Master’s Student Abigail Upshaw spent four weeks in Rome this summer doing research for her thesis. Abby spent three weeks of this time in an intensive/immersion Italian language program. Her thesis is on Michelangelo’s Cleopatra and her research this summer pertained to the recipient of the drawing, Tommaso de’Cavalieri. Her primary research was conducted at the Capitoline Archives (The Archivio Storico Capitollino).
At the archives, Abby was granted access to the minutes of the meetings of the Conservators from the years 1530-1540. She was allowed to handle the manuscripts and take photographs of pertinent entries. Her interest in Tommaso lies in his involvement with Roman civic government during the early 16th century. The documents provided information on his attendance of meetings and most importantly his involvement in the execution of Michelangelo’s designs for the Campigdolio-Capitoline Hill. She is excited to finish her translations from the original Latin and synthesize this material into a chapter of her thesis. Abby also visited the Cavalieri Chapel in Santa Maria in Aracoeli in order to photograph all inscriptions pertaining to Tommaso and his immediate descendants. She also took advantage of her stay and visited many important sites to Renaissance Studies including the Villa Farnesina and the Vatican as well.

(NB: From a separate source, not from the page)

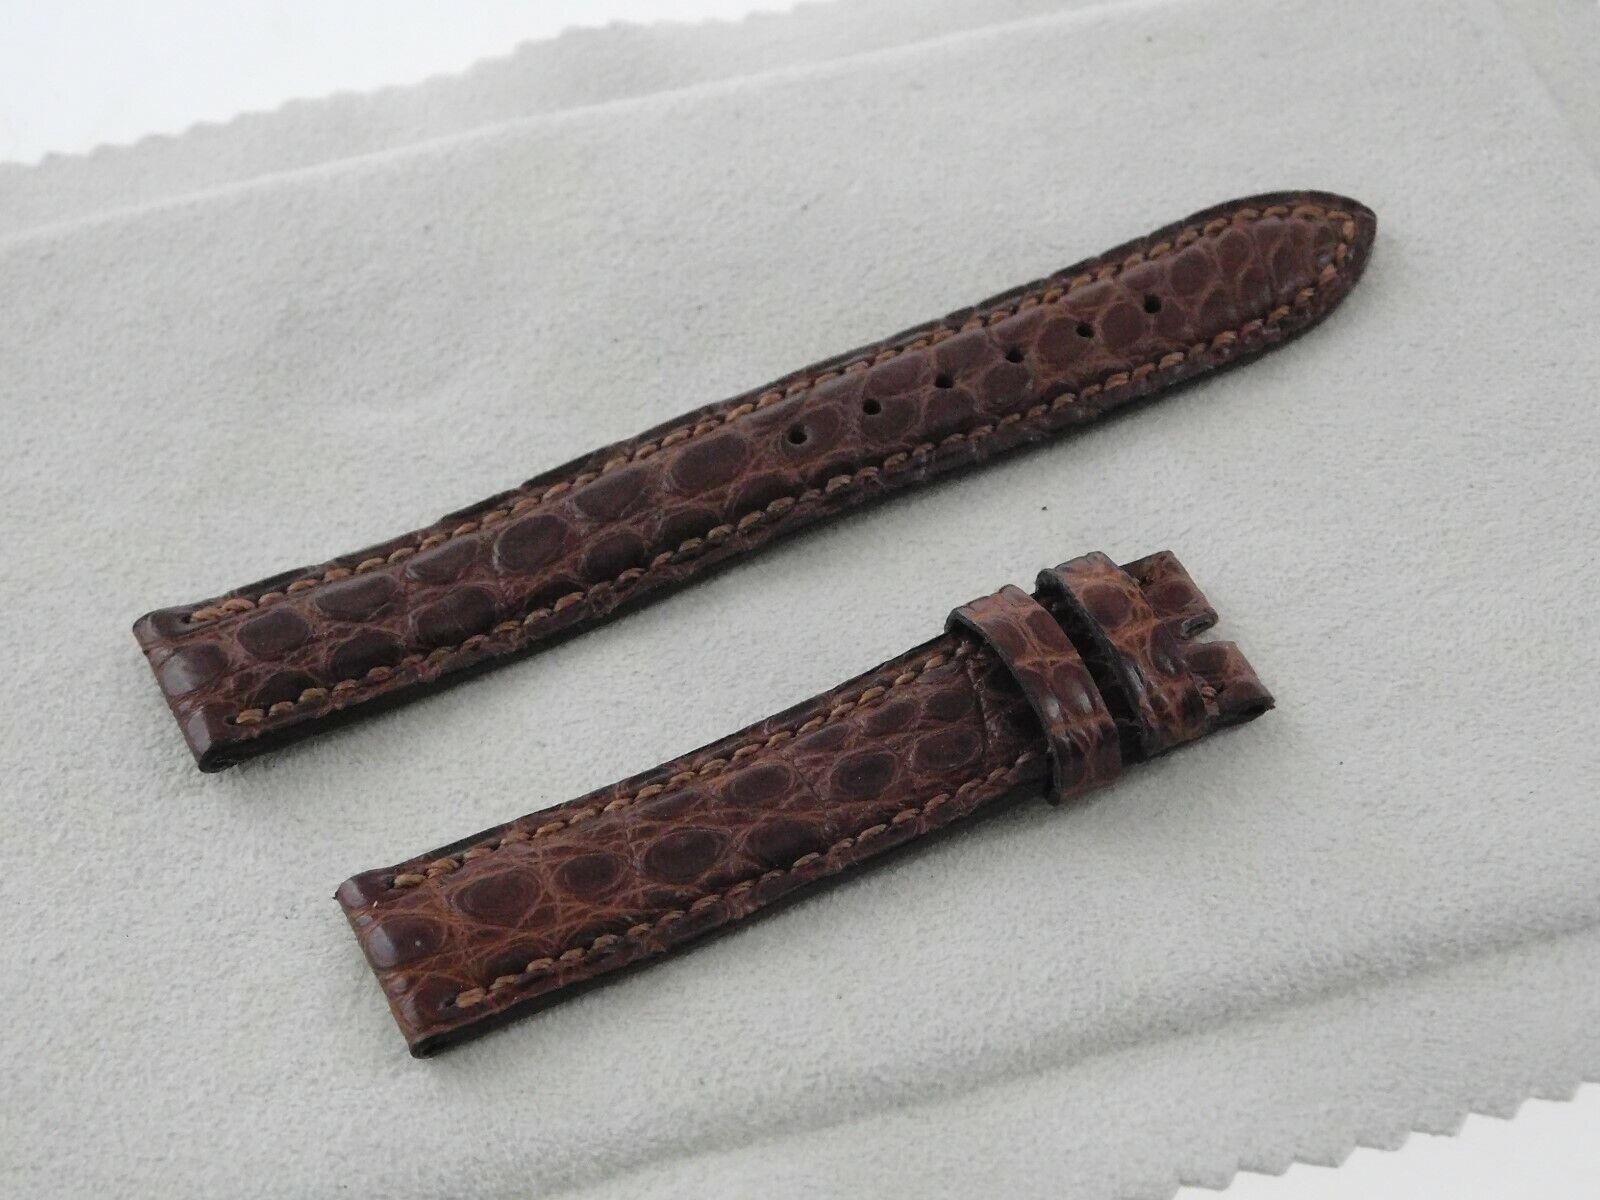 Ungetragen Original BULGARI / BVLGARI Louisiana Kroko Armband 14 mm

This summer Undergraduate student Anairis Perez conducted her own research with University of Pennsylvania Associate Professor of American Art through the Leadership Alliance Summer Program. Her research dealt with integrating cultural criticism into Art History curriculum, seeking to better engage multicultural communities. At the end of her research she participated in the Alliance’s National Symposium, where she was able to present her research.
Art is frequently associated with the ability to illicit emotional response, to promote social change, and to transcend differences in order to promote the communion of disparate perspectives. Exposing students to the work of artists from diverse backgrounds can accomplish this, yet the teaching of Art History is taught from a traditionally European perspective. Instead of adhering to the colonial model, I am calling for the integration of cultural criticism in the Art History curriculum. Critical interrogation has the potential to engage questions of cultural identity in a way that motivates students to be skeptical of preconceived notions of race and gender in the U.S. The goal of my research project is to reinforce the ongoing struggle for equality in our multicultural communities through the discipline of Art History, and is greatly influenced by recent scholarship on cultural criticism. By educating students to critically analyze the established norms, we can hope to become a more conscious society that is receptive to criticism and sympathetic to the sensibilities of others. Art History can be an effective tool for learning ways people from ethnic groups represent themselves and comparing them to the presuppositions in our society based on race and gender. Cultural criticism in the classroom can ultimately undermine the binaries of us/them in order to stimulate community.